(Venise) Avec deux films en lice pour le Lion d’or cette année à Venise, l’acteur italien Toni Servillo confirme son rôle incontournable au cœur du cinéma italien, où son talent tout terrain en a fait la coqueluche des réalisateurs.

À 62 ans, l’acteur fétiche de Paolo Sorrentino, qui en lui confiant le rôle de Jep Gambardella dans La grande bellezza (Oscar du meilleur film étranger en 2014) lui a conféré une stature internationale, croule sous les sollicitations, mais garde les pieds sur terre.

Au cours d’un entretien avec l’AFP, alors qu’on lui fait remarquer son omniprésence sur le Lido, cet homme qui a débuté tout jeune sur les planches à Naples répond en français et en souriant : « Malgré moi ».

« Comme pour beaucoup de mes collègues, la COVID-19 a bloqué mon activité théâtrale. Dès que ça sera plus facile, je retournerai au théâtre », confie cet homme élégant en complet de lin, les yeux cachés derrière des lunettes fumées sous sa couronne de cheveux blancs.

« Je ne considère pas le théâtre comme un stationnement où attendre des rôles au cinéma, je suis un acteur de théâtre militant », insiste le comédien, qui s’est lancé tardivement devant la caméra avec Mort d’un mathématicien napolitain de Mario Martone, Grand Prix du jury à Venise en 1992.

Cette année, de nouveau dirigé par Martone, il revient à Venise avec Qui rido io, basé sur la vie d’Eduardo Scarpetta (1853-1925), un monument du théâtre napolitain et italien vénéré de son vivant pour ses talents de comique et dont les pièces sont encore jouées aujourd’hui.

Scarpetta « est le père de trois enfants qu’il n’a jamais reconnus et qui ont été parmi les plus grands acteurs italiens, dont Eduardo De Filippo (1900-1984), peut-être le plus célèbre », raconte-t-il. « Scarpetta offre l’occasion de raconter les grandes tribus théâtrales qui confondent le théâtre avec la vie, et la vie avec le théâtre ».

Quatre David

Eduardo Scarpetta, monté dès l’âge de 15 ans sur les planches pour camper les personnages notamment comiques du théâtre napolitain, est l’auteur du chef-d’œuvre Misère et noblesse.
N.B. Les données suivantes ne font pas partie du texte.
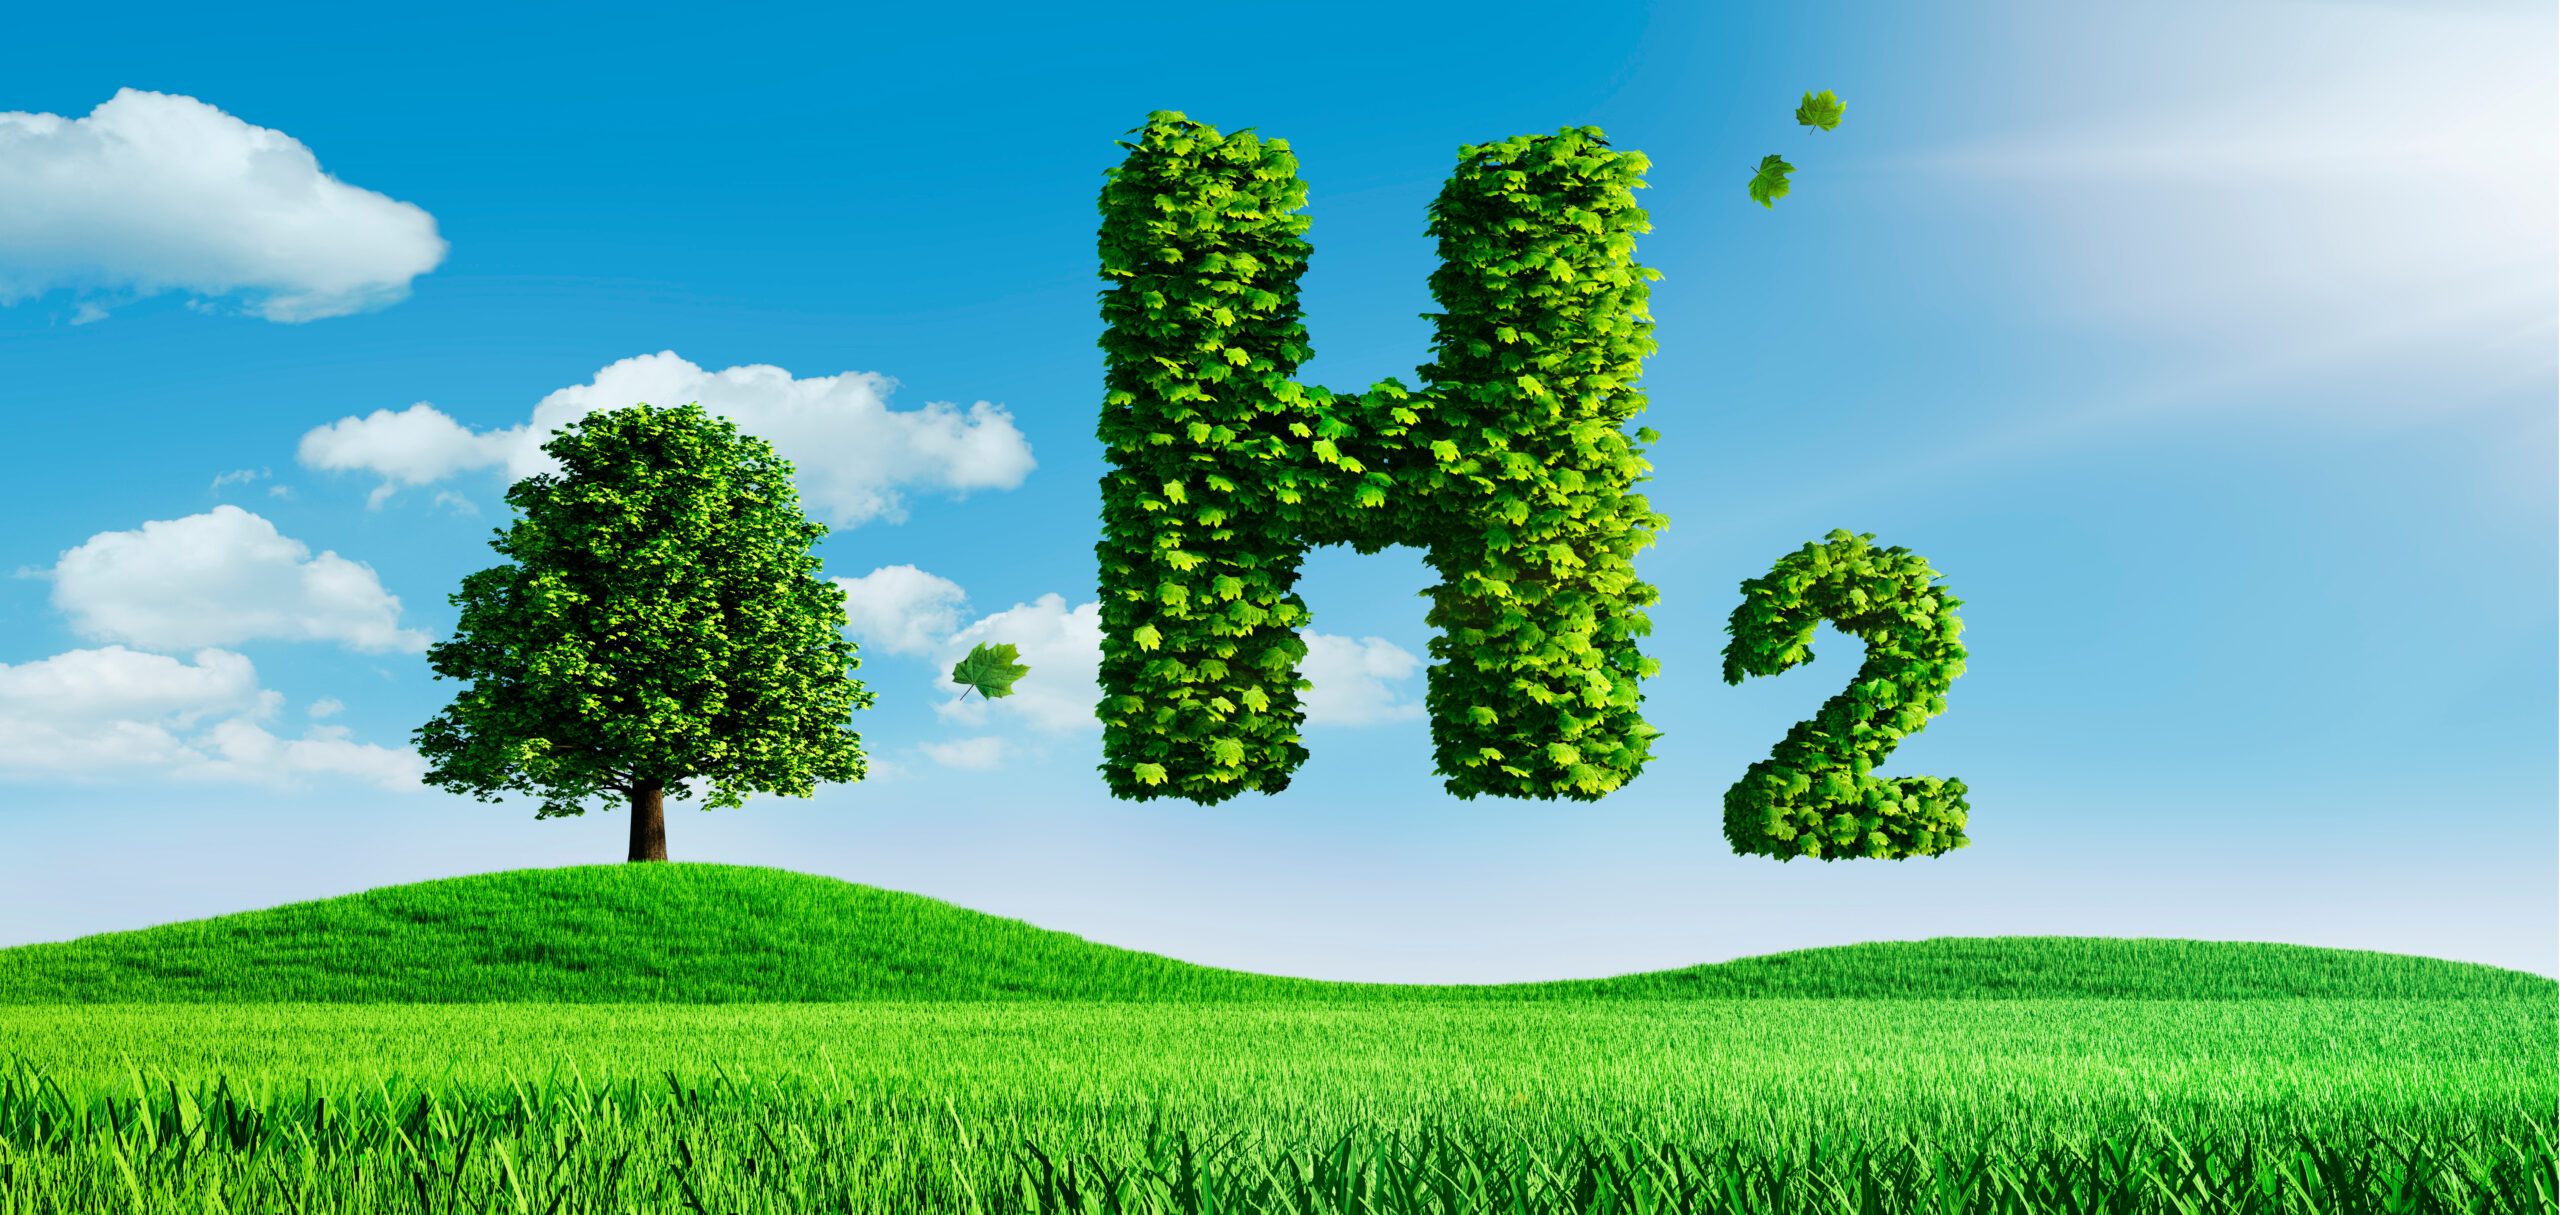 Image of a green field under a blue sky with a huge "H2" made from leaves

Il a aussi donné naissance à une dynastie de comédiens parmi lesquels Eduardo De Filippo, Peppino De Filippo et Titina De Filippo, lesquels marqueront le théâtre et le cinéma napolitains du XXe siècle.

Une histoire qui résonne avec son propre parcours : « Je monte sur scène depuis 40 ans, j’ai fait des milliers de représentations un peu partout dans le monde, je sais ce qu’est la vie de théâtre, et donc alterner ces moments privés et ces moments sur scène en incarnant quelqu’un d’autre est quelque chose que je connais très bien ».

À Venise, Toni Servillo est à l’affiche d’un autre film en course pour le Lion d’or, La main de Dieu, récit autobiographique signé de son complice Paolo Sorrentino où il joue le rôle ô combien symbolique du père du cinéaste, disparu prématurément. Le film se déroule lui aussi à Naples, ville d’origine adorée des deux hommes qui laissent libre cours à la nostalgie d’un monde disparu.

Pour Mario Martone, lui aussi napolitain, « Toni est un acteur très spécial » avec qui il a « débuté à Naples à 17 ans quand il avait encore plein de cheveux », se remémore-t-il en souriant. « Ce n’est pas le seul bon acteur en Italie », s’empresse-t-il de préciser. « Par chance, l’Italie vit un moment de grande vitalité, il y a beaucoup de réalisateurs et d’acteurs et d’actrices de qualité ».

Toujours est-il qu’aucun acteur de la génération de Servillo, récompensé par quatre David di Donatello, l’équivalent italien des Césars, ne peut afficher un parcours aussi brillant, servi par une galerie de réalisateurs italiens aussi prestigieux que Matteo Garrone (Gomorra) ou Marco Bellocchio (La belle endormie).